Re: [DISCUSS] OLAP Mutations

Posted by Daniel Kuppitz <me...@gremlin.guru>.
>
> would this notion of a "mutation tags" be useful in
> BulkLoaderVertexProgram?


Yes. I've used this approach in DSEG's BulkUpdateVertexProgram, which
allows to add properties and edges. IMO we should also create a new VP in
TinkerPop, one that is optimized to handle all update scenarios.

1. How do we deal with ID generation?


Do we need to care about IDs for edges and properties? I don't think so.
Vertices would be tricky though, but...

2. How do we add vertices in OLAP?


We never allowed that in the past iirc, but that would be a "great to
have". The question is, do we then have to care about IDs? The user could
provide an ID or the underlying Graph DB could provide one at write time.

3. How do we deal with updates that already occurred at the graph database
> while OLAP was processing?


It depends.
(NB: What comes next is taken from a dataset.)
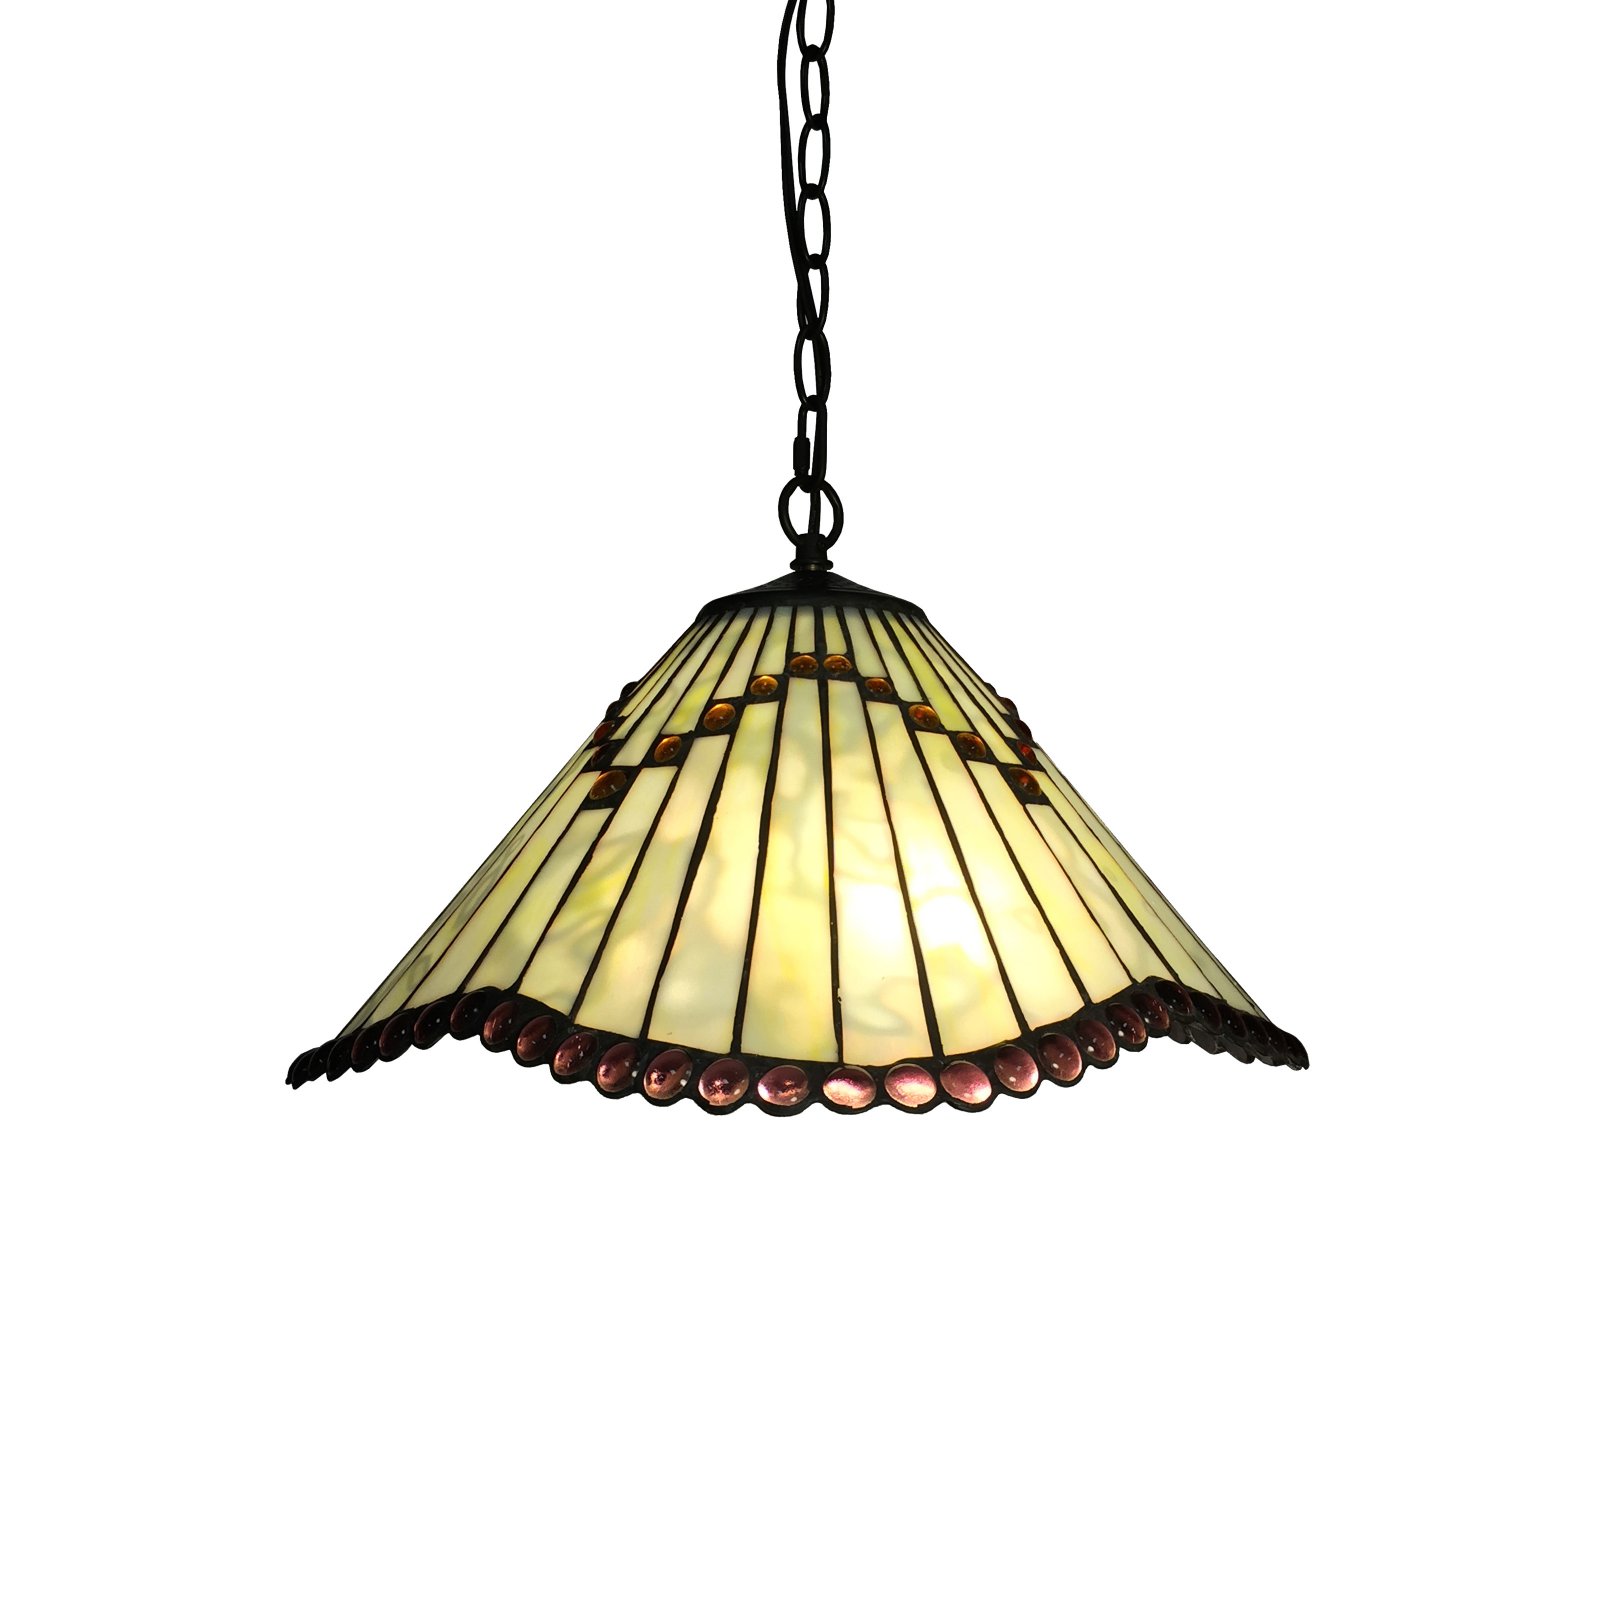 Ahlai 2-light Light Green Tiffany-style 16-inch Hanging Lamp - image 1 of 2
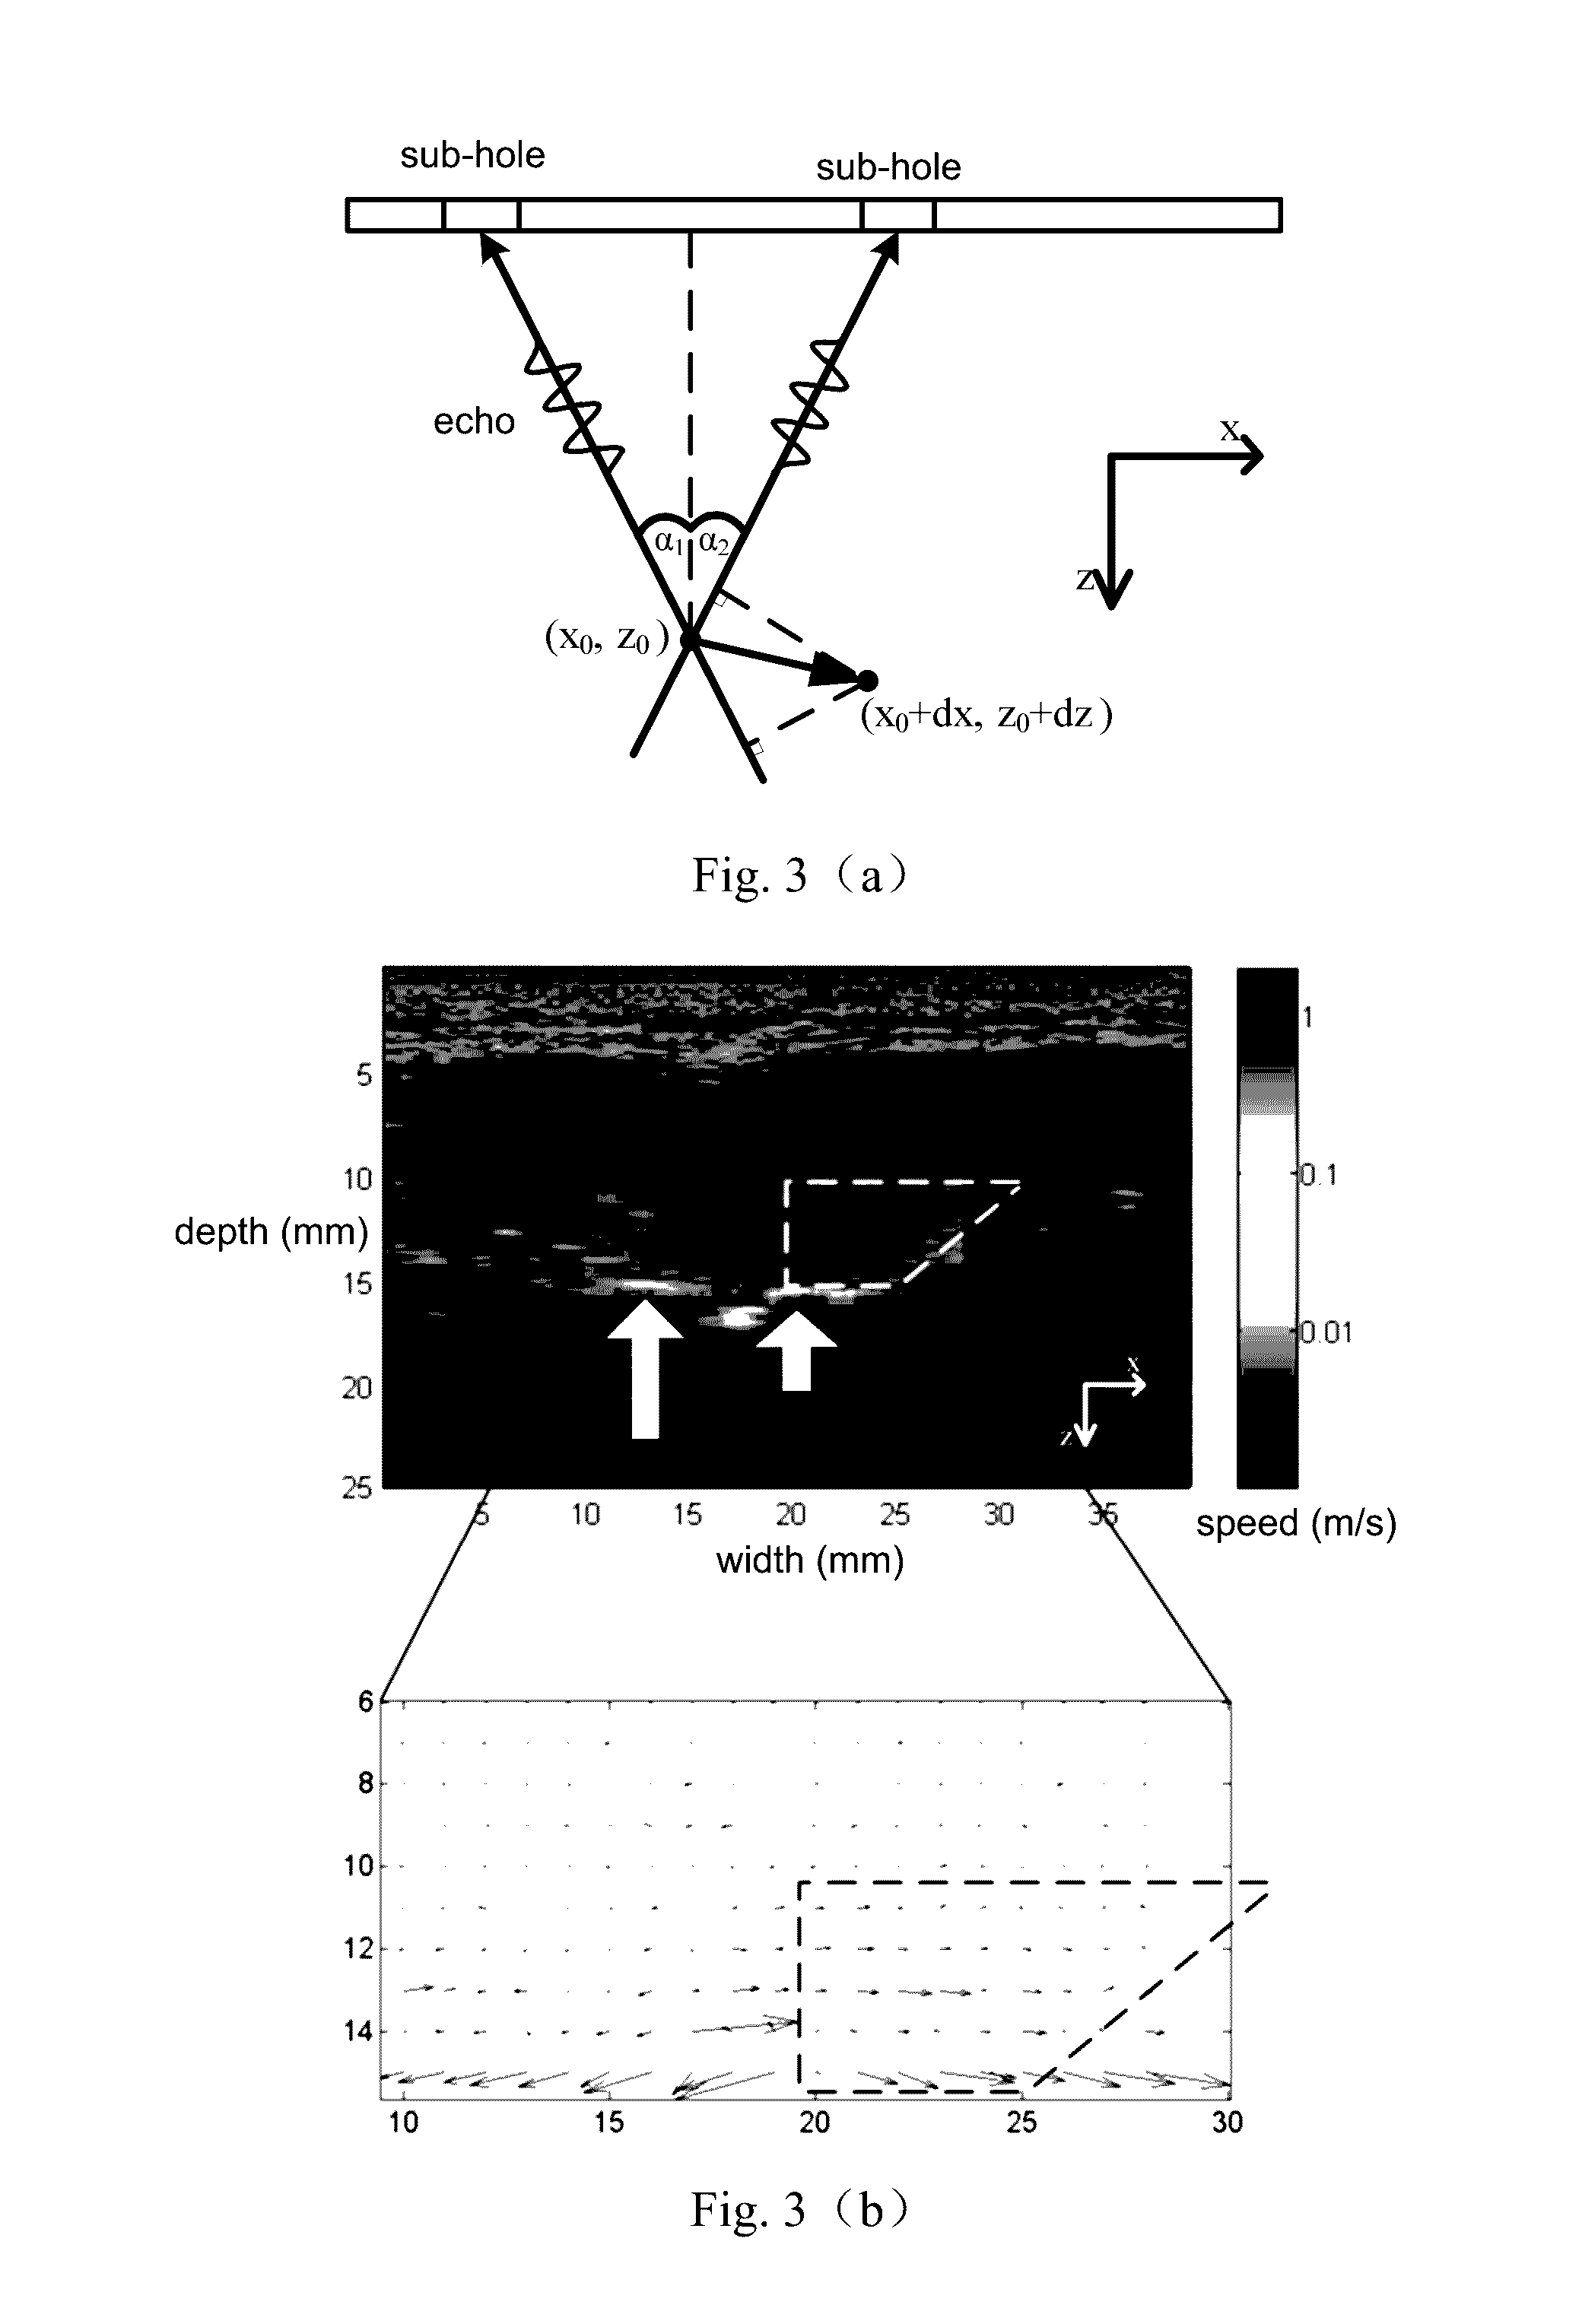 Imaging and measuring system of vocal cord vibration based on plane wave ultrasonography, and method thereof

Some scenarios would probably be solvable, others would lead to
failure. Maybe we can even make some of the behaviors configurable through
the BulkLoaderVP.

Cheers,
Daniel



On Tue, Apr 12, 2016 at 7:57 PM, Marko Rodriguez <ok...@gmail.com>
wrote:

> Hello,
>
> One of the big outstanding features in TinkerPop3 is OLAP-based graph
> mutations. That is:
>
>         graph database --read--> graph processor --write--> graph database
>
> Daniel Kuppitz has provided BulkLoaderVertexProgram with "from scratch" or
> incremental loading capabilities. It would be nice to be able to piggy back
> on this work for OLAP mutations. Here is an idea that borrows from the OLAP
> mutation model developed by Matthias Broecheler in Faunus.
>
> 1. We create a MutatingProgram interface.
> 2. That interface will have a collection of public static final String
> compute keys.
>         - gremlin.mutatingProgram.mutation
>         - gremlin.mutatingProgram.droppedProperties
>         - gremlin.mutatingProgram.addedProperties
> 3. Any VertexProgram can implement MutatingProgram and in doing so, it
> will use the respective compute keys.
> 4. If that VertexProgram deletes a vertex, it does not delete the vertex,
> it simple adds the property "gremlin.mutatingProgram.mutation=dropped."
> 5. If that VertexProgram adds an edge, it adds the edge with the property
> "gremlin.mutatingProgram.mutation=added."
> 6. If that VertexProgram adds a vertex property, it adds the vertex
> property with the property "gremlin.mutatingProgram.mutation=added."
> 7. If that VertexProgram deletes a property, it adds the property to the
> element "gremlin.mutatingProgram.droppedProperties=[x,y,z]"
> 8. ...
> 9. It is up to the VertexProgram to be smart about consistency on
> mutations:
>         * If an edge is added, the next iteration should copy that edge to
> incoming/outgoing vertex's incident edge set.
>         * If an edge property is added, the next iteration should update
> the property on the incoming/outgoing vertex's incident edge's property.
>         * We can provide various static helper methods in MutatingProgram
> to make this easy.
> 10. When the VertexProgram has completed its computation (terminated),
> BulkLoaderVertexProgram will be able to read the resultant graph and use
> the MutatingProgram compute keys as necessary to do the respective updates
> to the source graph (i.e. the graph database).
>
> ---------------------
>
> Problems:
>
>         1. How do we deal with ID generation?
>         2. How do we add vertices in OLAP?
>         3. How do we deal with updates that already occurred at the graph
> database while OLAP was processing?
>
> @kuppitz -- would this notion of a "mutation tags" be useful in
> BulkLoaderVertexProgram? I assume it would make your life much easier as
> you don't have to do a "diff" -- the diff is provided to you.
>
> Thoughts on this matter would be much appreciated.
>
> Thank you,
> Marko.
>
> http://markorodriguez.com
>
>